= Innovation intermediary =

Concept in innovation studies

Innovation Intermediaries is a concept in innovation studies to help understand the role of firms, agencies and individuals that facilitate innovation by providing the bridging, brokering, knowledge transfer necessary to bring together the range of different organisations and knowledge needed to create successful innovation. The term open innovation intermediaries was used for this concept by Henry Chesbrough in his 2006 book as "companies that help other companies implement various facets of open innovation".

== Role ==
Innovation intermediaries are variously described as 'bridgers', ' change agents', 'brokers'. Some innovation ecosystem literature also uses the term "bridge maker" for an intermediary role focused on connecting, facilitating and integrating diverse stakeholders.
They are important as the developers of a new invention or technique are seldom connected to their potential users, or to the firms and organisations that have complementary expertise, knowledge and resources. The same applies to potential users of innovations, so that intermediaries are needed to bring organisations and knowledge together to build supply networks and markets. For instance technology intermediaries are created to help firms to take advantage of their technological developments.
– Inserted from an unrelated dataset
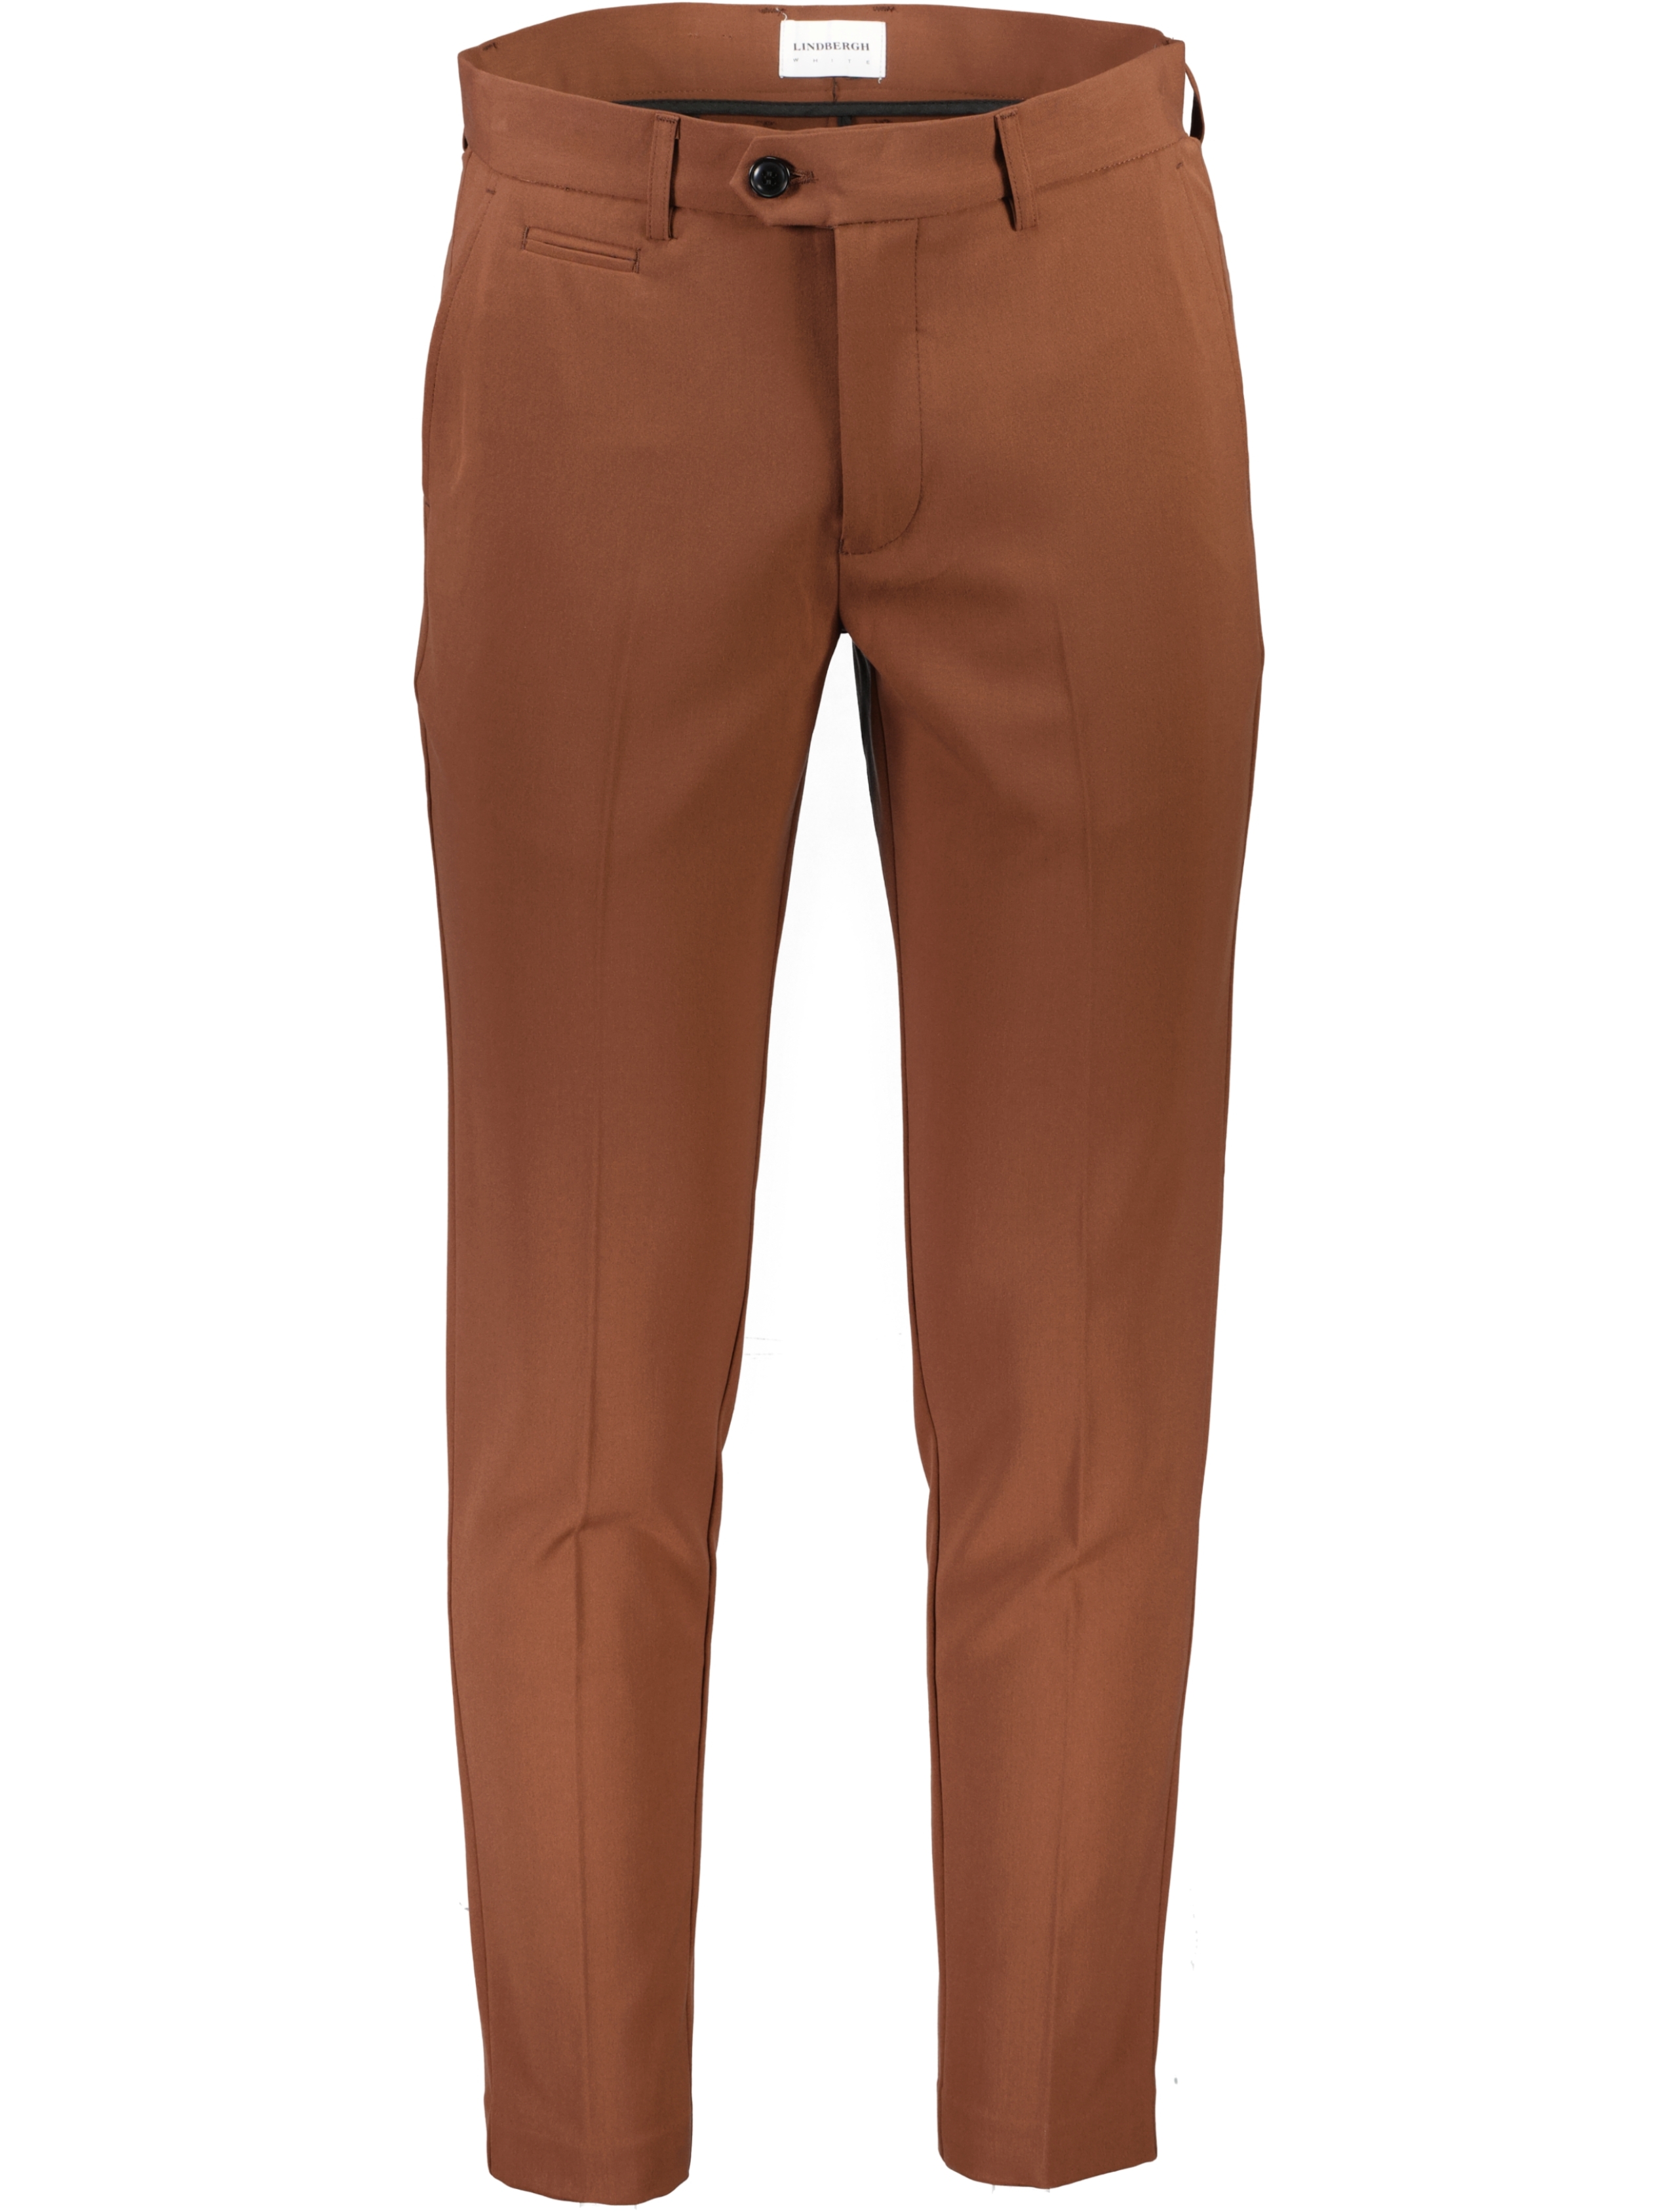 Lindbergh Performance pants brun / hazel brown

There are three main areas of focus:business model innovation; management of intellectual property; innovation of services.

Intermediaries have also been defined as a system of complementary organizational categories that shape, pilot and ensure systemic integration, by reducing the complexity of transactions, enabling institutional change and promoting crucial learning dynamics among system components, organizations and entrepreneurs; across political, economic and social innovation-relevant levels. These categories could be settled together, permitting a holistic approximation to the matter of intermediation. The novel notion of a system of intermediary organizations could also facilitate the coordination and evaluation of their profiles and missions over time and space-based requirements.
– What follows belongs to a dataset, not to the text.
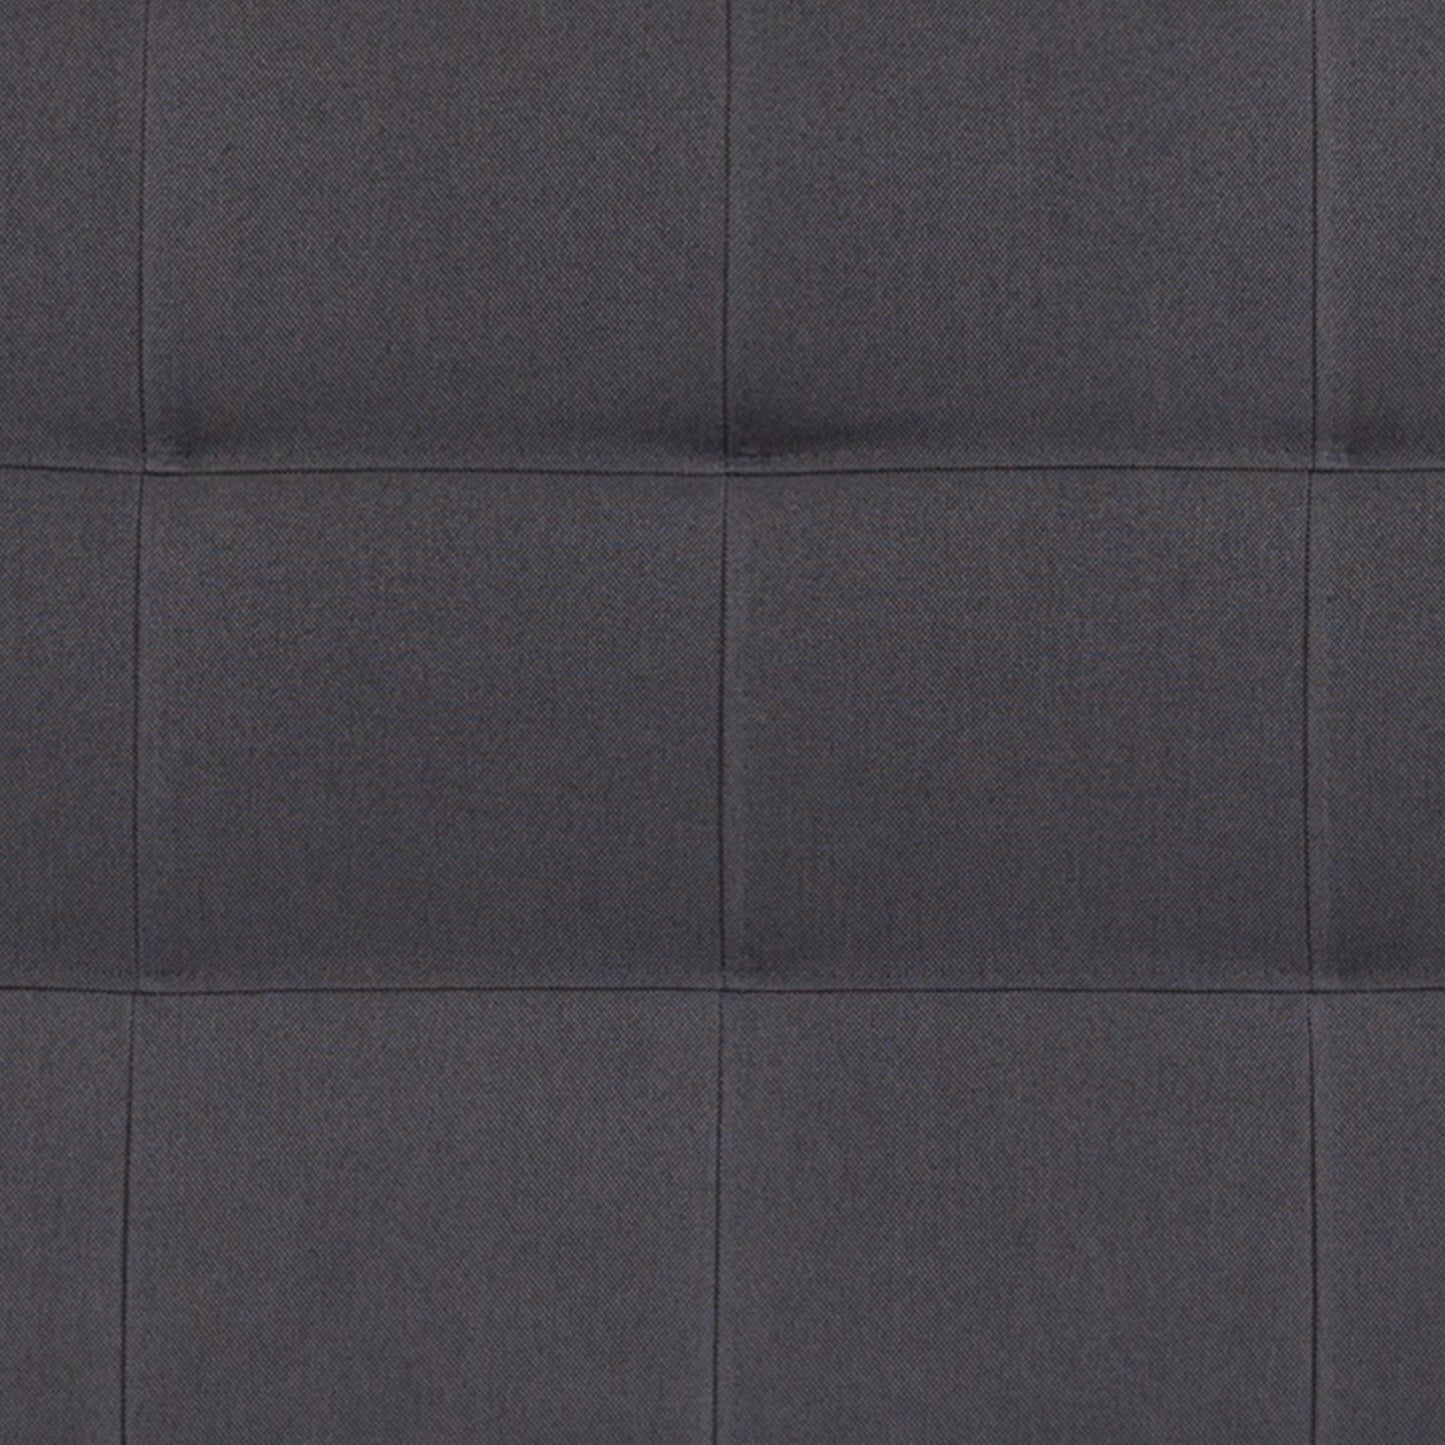 King Headboard-Gray Fabric HG-HB1704-K-DG-GG

Intermediaries play a wide range of roles, facilitating the bringing together of various actors at different parts of innovation processes such as ideation, invention, standards making, managing IPR, commercialisation, creating new market segments etc. These intermediaries can specialise in different services. Basic functions include process coordination and matchmaking between innovation seekers and potential solution providers, knowledge and finance broking, testing, standardisation, project valuation and portfolio management etc. Each of these activities facilitates the exchange and the building of new knowledge, creates opportunities for experimentation, helps the emergence of standards and common goals, and the formation of partnerships.

Open innovation Intermediaries are responsible for facilitating the open innovation activity that companies are undertaking, focusing on fully exploiting the benefits of the mutual action and thoroughly mitigating the disadvantages and risks for all of the companies.

In the special field of technological development of companies, technology intermediaries are created to help firms to take advantage of their knowledge. The intermediaries are specialized in different R&D activities and R&D related activities and are able to support firms in building absorptive capacity.

==Impact==
From an economic perspective, innovation intermediaries create multi-sided markets by delivering value to several agents on a matching market, create the market and manage the matching process.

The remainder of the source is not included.